**** Data segment ****
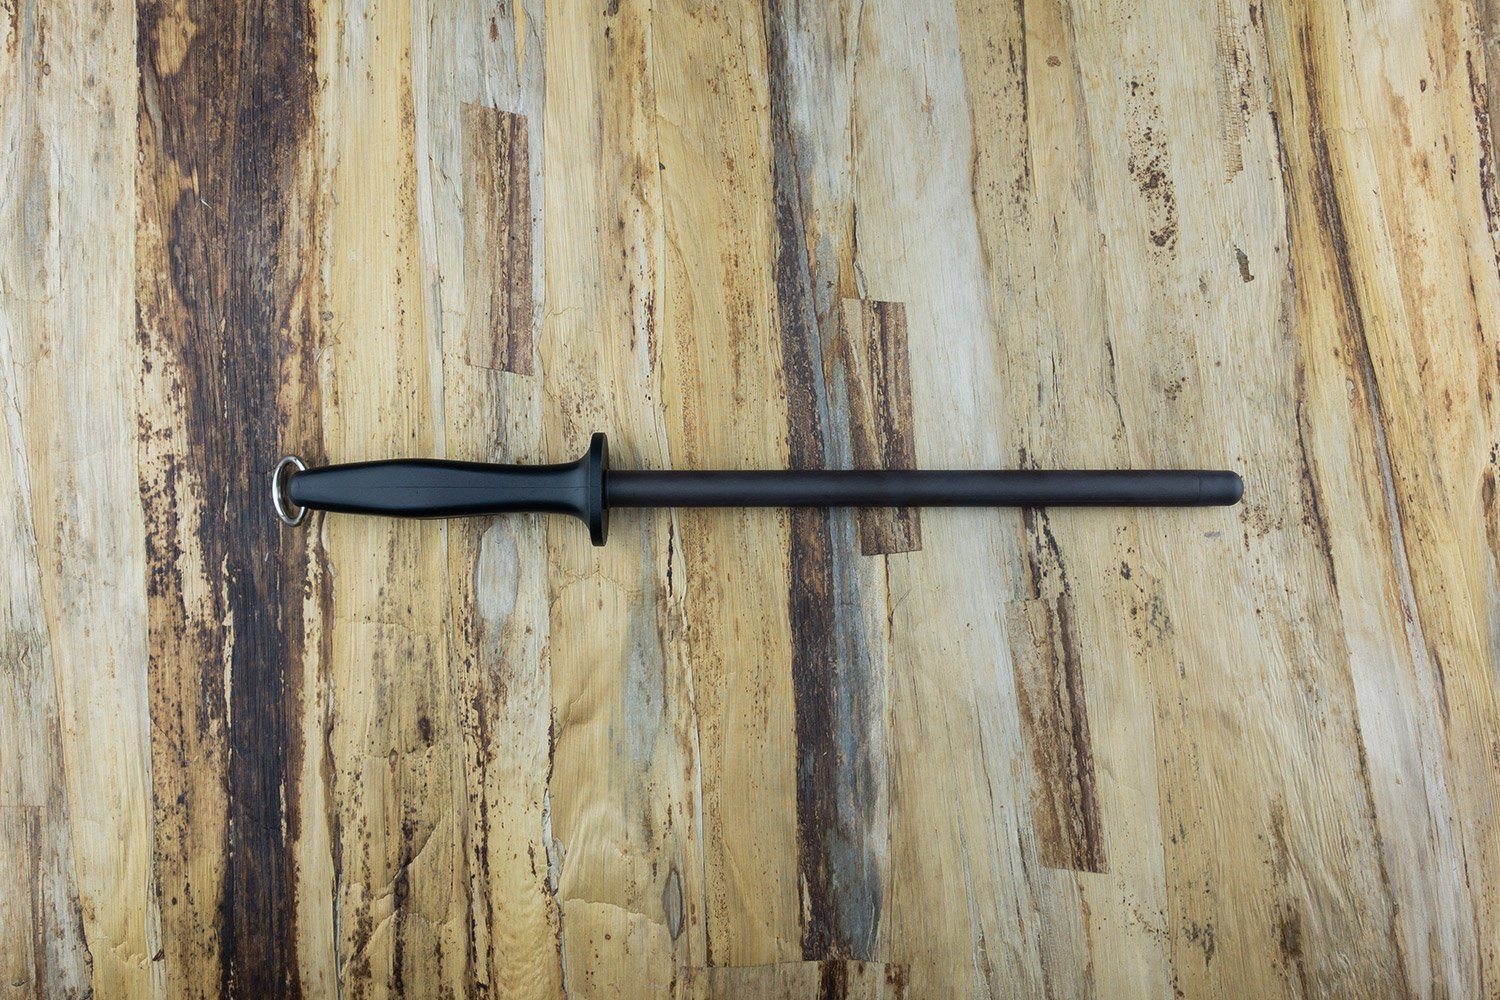 Knifewear Black Ceramic Honing Rod from Knifewear
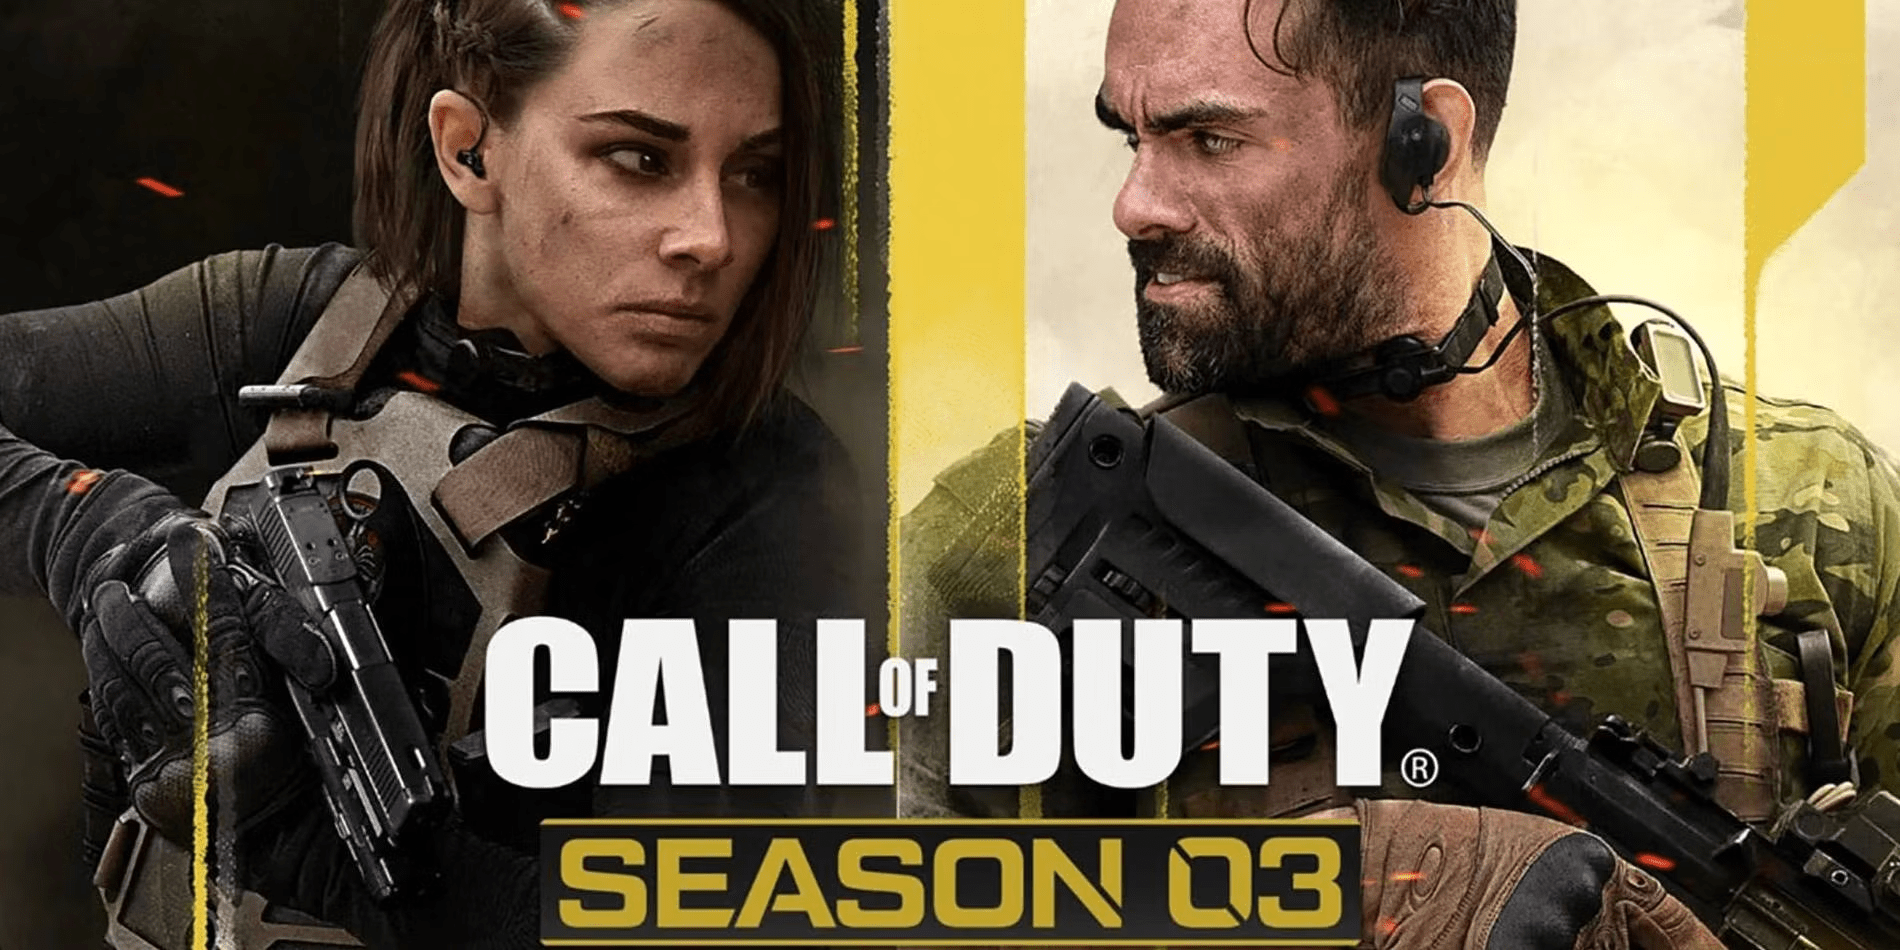 Call of Duty: Modern Warfare II e Warzone 2.0 - Trailer Pacote de
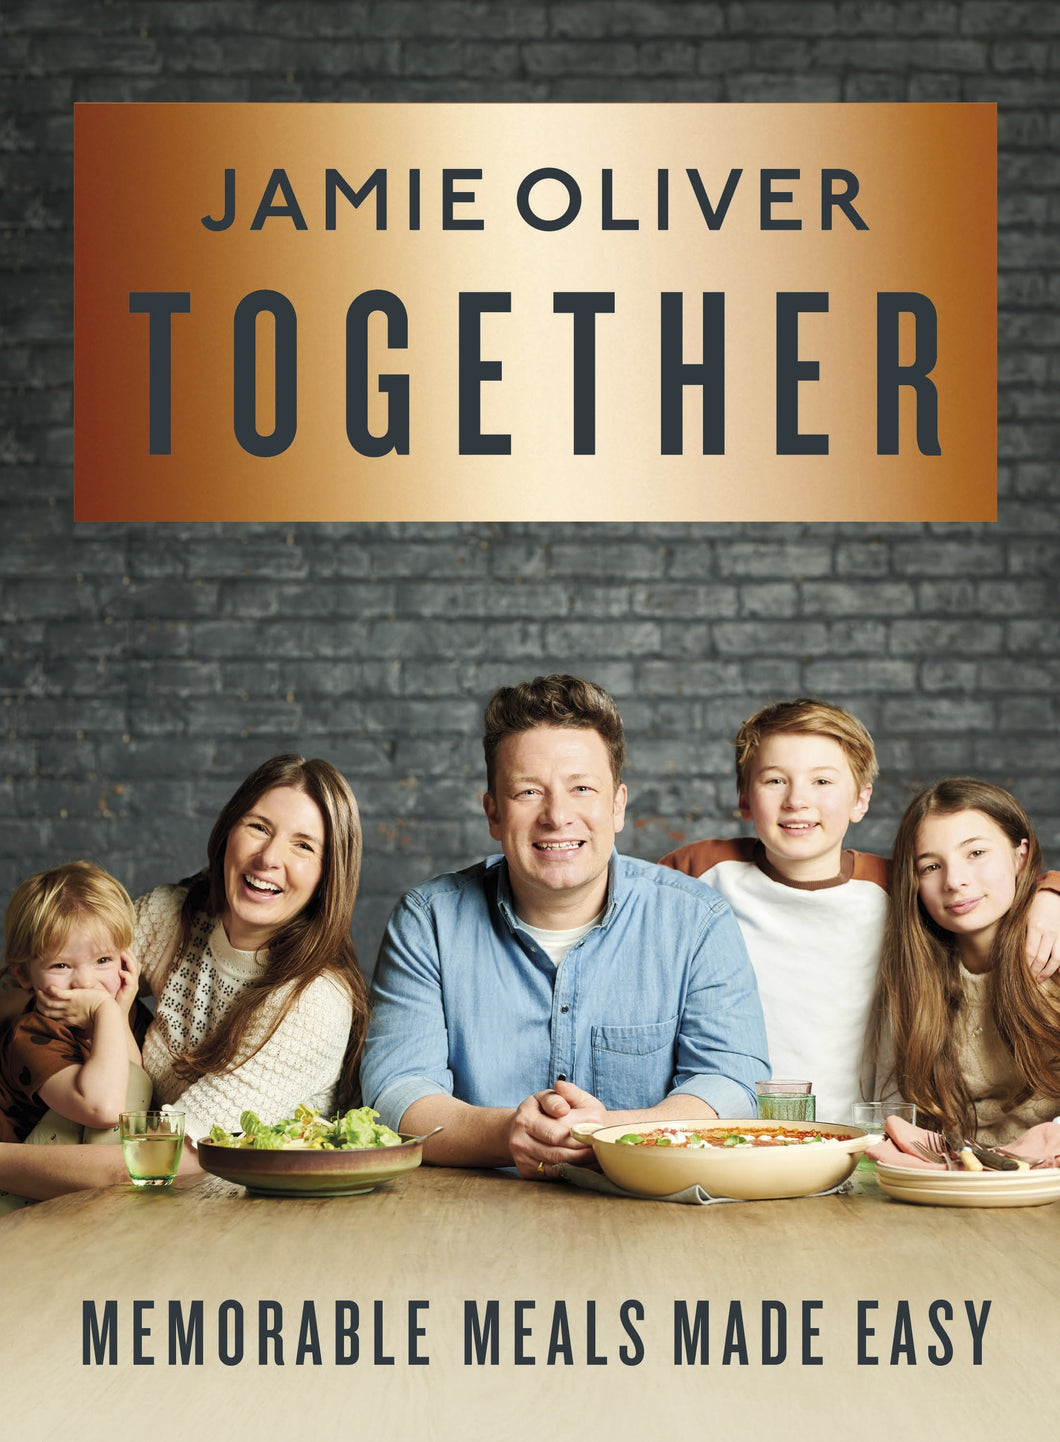 Together by Jamie Oliver
****
What is needed
All of the material above must be retyped exactly, line for line, with the images dropped.

Answer to the problem
 Knifewear Black Ceramic Honing Rod from Knifewear
 Call of Duty: Modern Warfare II e Warzone 2.0 - Trailer Pacote de
 Together by Jamie Oliver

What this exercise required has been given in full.